Friday, July 01, 2005

Shut The Fuck Up

Tom Friedman, who occupies stylistically and ideologically that sick, sick place between the "Hold Your Nose And Do It" free-traders like Brad DeLong and Paul Krugman, and the unhinged, 19th century-throwback globalisation cheerleaders like Niall Ferguson and Paul Johnson, has really been over the top in his last two Times columns.

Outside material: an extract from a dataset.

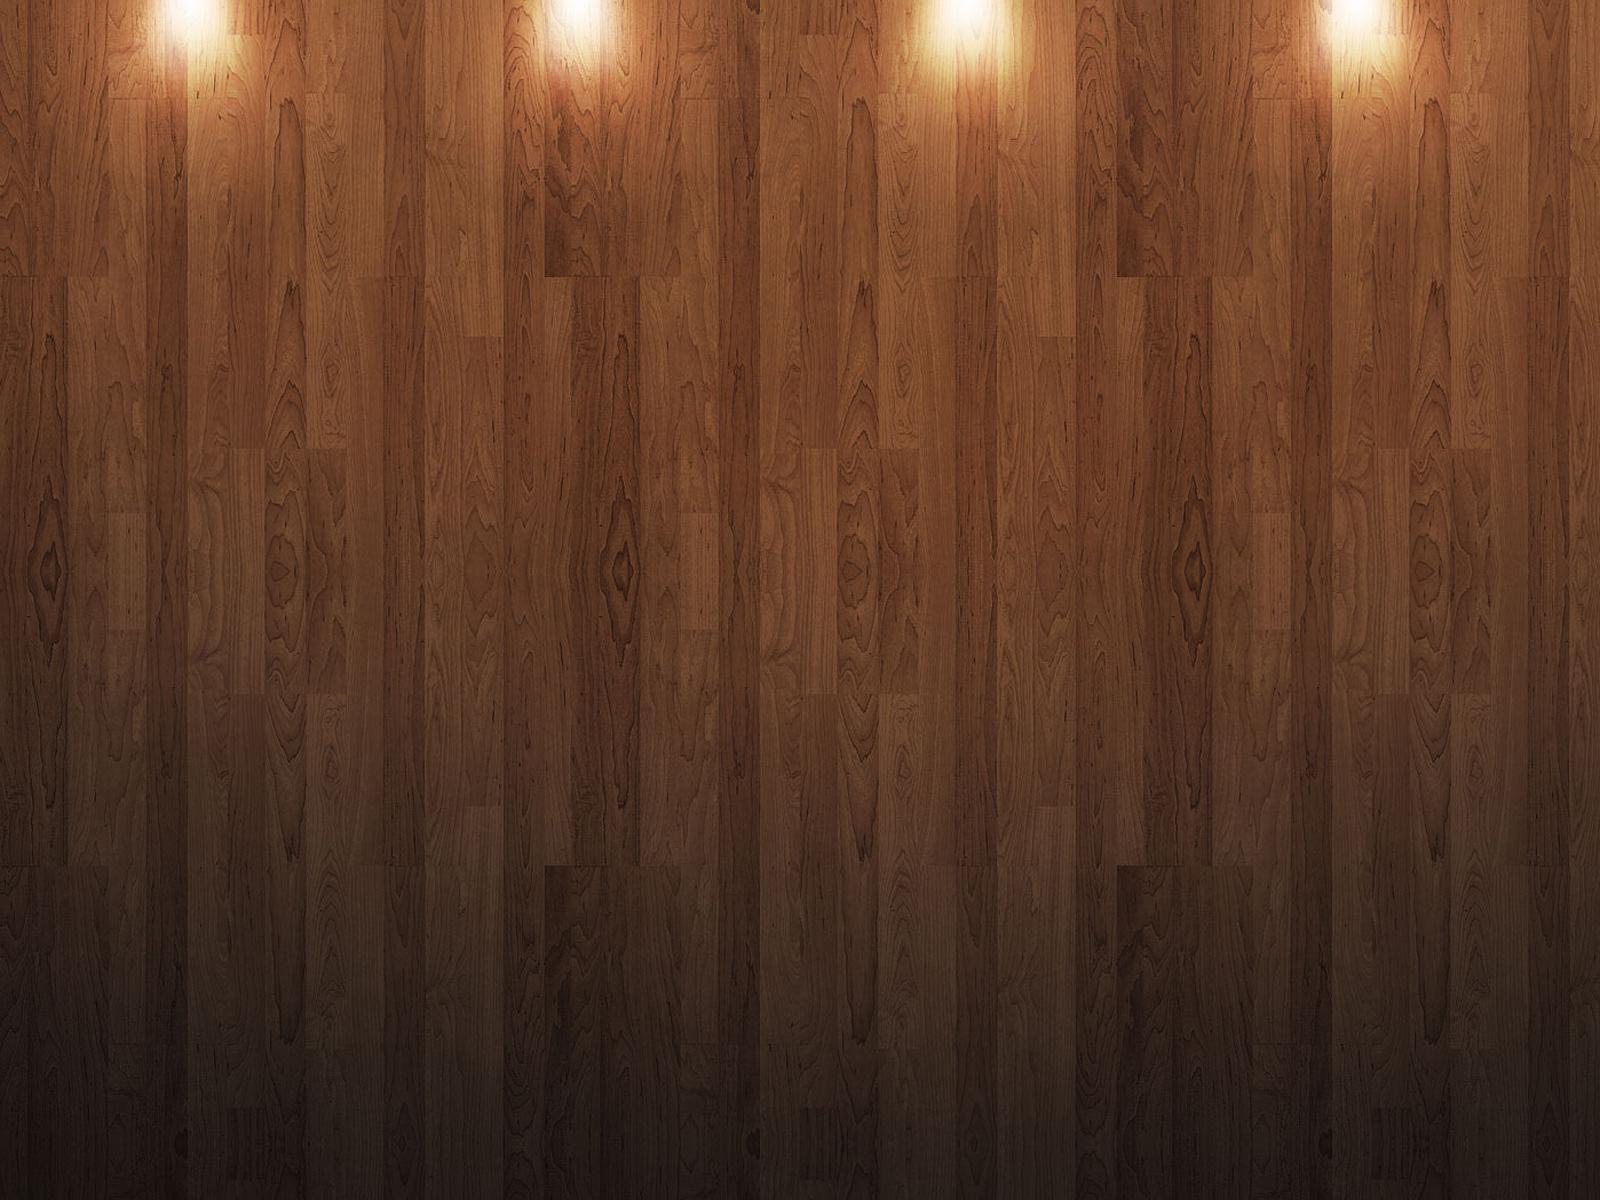 Fond d'ecran Mur en bois - Wallpaper

Both are quintessential Friedman: trite metaphors, witless snarls at the French specifically and socialism in general, a doe-in-rut presentation of his rump to gleefully-accommodating transnational corporations, pollyannish technophilia, cheery pride in his many superficial analyses. To make an atrocious pun, Tom Friedman could be called the high priest of neo-gliberalism. But as typical in theme as these two Friedman columns are, they strike my inner ear as being different, too, in that they are somehow more over the top, more attenuated.

That's it. Tom Friedman has become more shrill. Not that shrillness is ordinarily hard to detect, but with Tom Friedman, whose primary theme could be summed up as of "Outsource more, destroy your labor unions, and be ready to work 80 hours a week or your country will die!" any modulation from his direction is hard to recognise but worth the effort in doing so.

Because it means Friedman's arguments are extra sloppy -- even compared to his Jonah-Goldberg-at-Denny's-with-coupons usual standard.

His arguments are vile enough, of course. The sterilised way he writes of people losing their jobs here, or slaving at their jobs there (India, China), makes me want to puke. But what makes me angry is that his aim is to present the inherently deceitful viewpoint of globalisation as "Laissez-faire With A Human Face" and at the same time, condescendingly proclaim that resistance to globalism is futile (which neatly if implicitly nullifies the first argument: if globalism is so monolithic and irresistable, how can it be humane at all?). Icing on the cake is his execrable prose style. I wish Tom Friedman would shut the fuck up.

**Update: Matthew Yglesias deconstructs Friedman's Francophobia, while Atrios and Kevin Drum contrast European and American styles. Funny that Friedman's fanaticism is such that it even elicits rebukes from his neoliberal fellow travellers Drum and Yglesias (Atrios doesn't drink that kool aid).

I have personally seen and experienced what Atrios describes. Americans do and do not practice the Protestant Work Ethic, yet we believe in it wholeheartedly. What we do not, however, believe in but do in actuality practice is something that could be called "the art of conspicious production". We have to look like we are constantly working; we want to appear to be hard-working, yet would prefer to be on holiday. In other words, our hearts are with the Europeans, but we think we should act like the Japanese. This mentality explains a lot, I think. We take great pleasure in calling our own lower classes as well as citizens of other countries "lazy", yet we would prefer their model if no one else was looking -- which makes for poor productivity, job resentment, heart attacks, the "American condition" -- it's a contradiction we refuse to resolve.

Observe how Yglesias personally prefers the American model: he "likes hard work". But of course he does: he's of the technocrat class, and his work is something he enjoys. But if his work was manual labor, or something wrist-slittingly boring and ill-paid (like most jobs, especially blue collar and service jobs), odds are he wouldn't think the same way. For a technocrat, he has a high degree of empathy (he does, after all, defend the French), but that is damning with faint praise. Matthew Yglesias needs to work in a shoe factory.

***Another Update 7/5/05: See Digby, whose tolerance for Friedman's Randroid-like France-bashing has been pushed to its limit.